Wednesday, 29 October 2014

A Fuzzy Sublime-like String Matching Algorithm

Those of you who pay attention to what I'm up to, will know that one of my long running projects is to write my own code editor.

One of the features that's been implemented for a while was a basic filename search via a popup search box. This approach is seen in other editors like Sublime Text, and it's an efficient way to quickly navigate between files.

I wasn't happy with my search matching though, it used a hacky Levenshtein distance algorithm for ordering. It was slow, and to keep it usable I had to disregard many matches that the user might have been looking for.

After much thought I've come up with a much better algorithm for fuzzy matches, I'm going to call it the Kazade Ranking Algorithm, because I can.

Step 1 - Filter down the list

The first step is to have a list of all the strings you want to search, let's say for example you have the following haystack of strings:

1. project/main.py
2. project/tests.py
3. sitepackages/project2/tests.py
4. sitepackages/project2/python.py
5. templates/base.html
6. templates/project/other.html

Let's say that you've searched for the text 'oth'. The first step of the algorithm is to look to see if the letters you've typed appear in the correct order in each of the files. So let's go through them:

1. The letters 'o' and 't' appear in order, but no 'h' so disregard
2. The same, only 'o' and 't'
3. Same
4. The letters do appear in order!
5. Nope, not even an 'o'
6. Yep! All three letters appear in the order they were typed

So, we've narrowed down the list to the following strings:

1. sitepackages/project2/python.py
2. templates/project/other.html

Step 2 - Scoring matches

Right, so we've narrowed down the list to two matches. We need to order them though so they are useful, it's probably safe to assume that if someone types 'oth' they are probably expecting other.html to be the top result.

The scoring process works like this:
  1. Set score=10, total=0.
  2. Find the position of the first typed letter in the result, add score to total
  3. Now, move along until we find the next typed letter, each time we skip over a non-matching letter, decrement score.
  4. When we find the next letter, add score to total.
  5. Now reset score to 10. Go to 3.
What this algorithm does is add a score for each letter that was searched. In our example, we typed 3 letters, and so the top total would be 30. However, because we decrement the score when we skip over letters, we punish non-consecutive matching letters.

If we apply this to the two matches we have, we end up with the following scores:

1. sitepackages/project2/python.py - 10 + 7 + 5 = 22
2. templates/project/other.html - 10 + 7 + 7 = 24

So it worked! The file we were looking for has a higher score! But, wait a minute... surely the second file should have a score of 30? I can see the letters 'oth' right there next to each other!

Step 3 - Finding the highest total

The problem is that the first letter we found wasn't the 'o' of other, but it was the one in the middle of 'project', and also the 't' we found was the one in project too, not 'other'.

The solution is to perform the algorithm several times, once for each occurrence of the first typed letter. In the second match above, the letter 'o' appears twice, so we perform the score counting beginning at the first 'o', and then at the second 'o' and then keep the highest of the two.

Done!

This algorithm works really quite well. I rarely don't find what I need, I can be pretty fuzzy with what I type, and it's super fast. For more information you can see the rank function that I use here.

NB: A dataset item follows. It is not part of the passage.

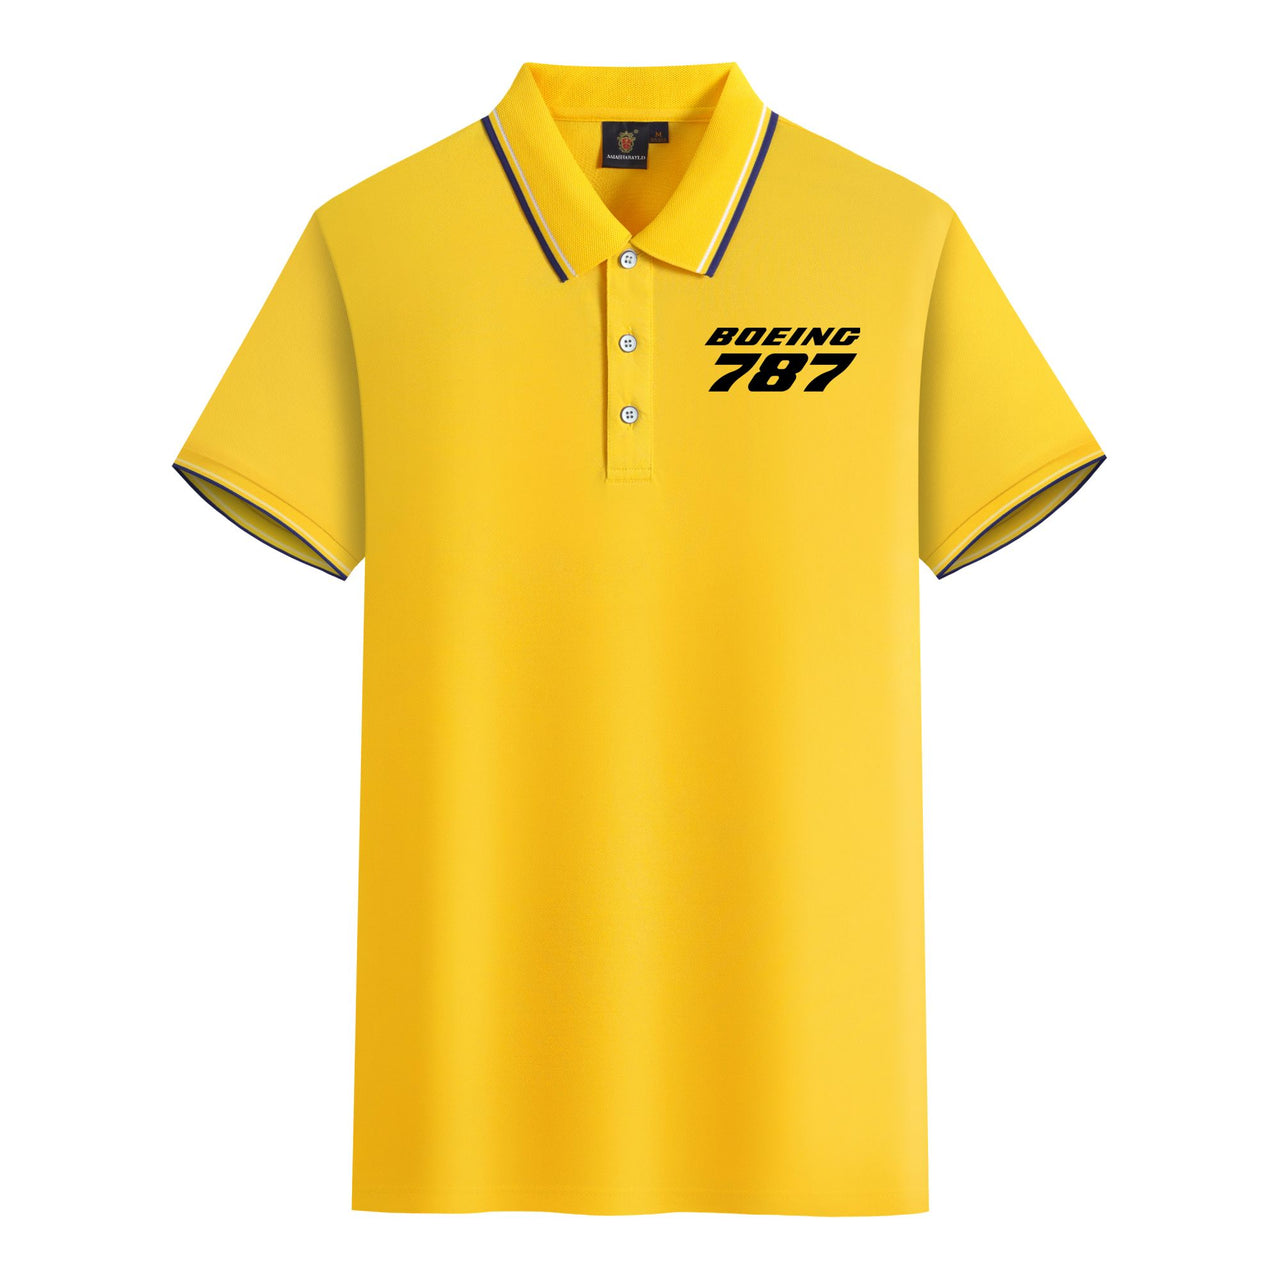 Boeing 787 & Text Designed Stylish Polo T-Shirts

My ranking function also reduces the total score by the difference in length between what was typed, and the string we are checking. I find this improves the ranking a little, but it's not necessary by any means.

Let me know if you find the algorithm useful!


2 comments:

  1. Fuzzy string search algorithm is the best way for creating automatic spelling check systems. We used it in our project and here is report about it http://multi-programming.com/blog/trigram-method-in-automatic-spelling-correction.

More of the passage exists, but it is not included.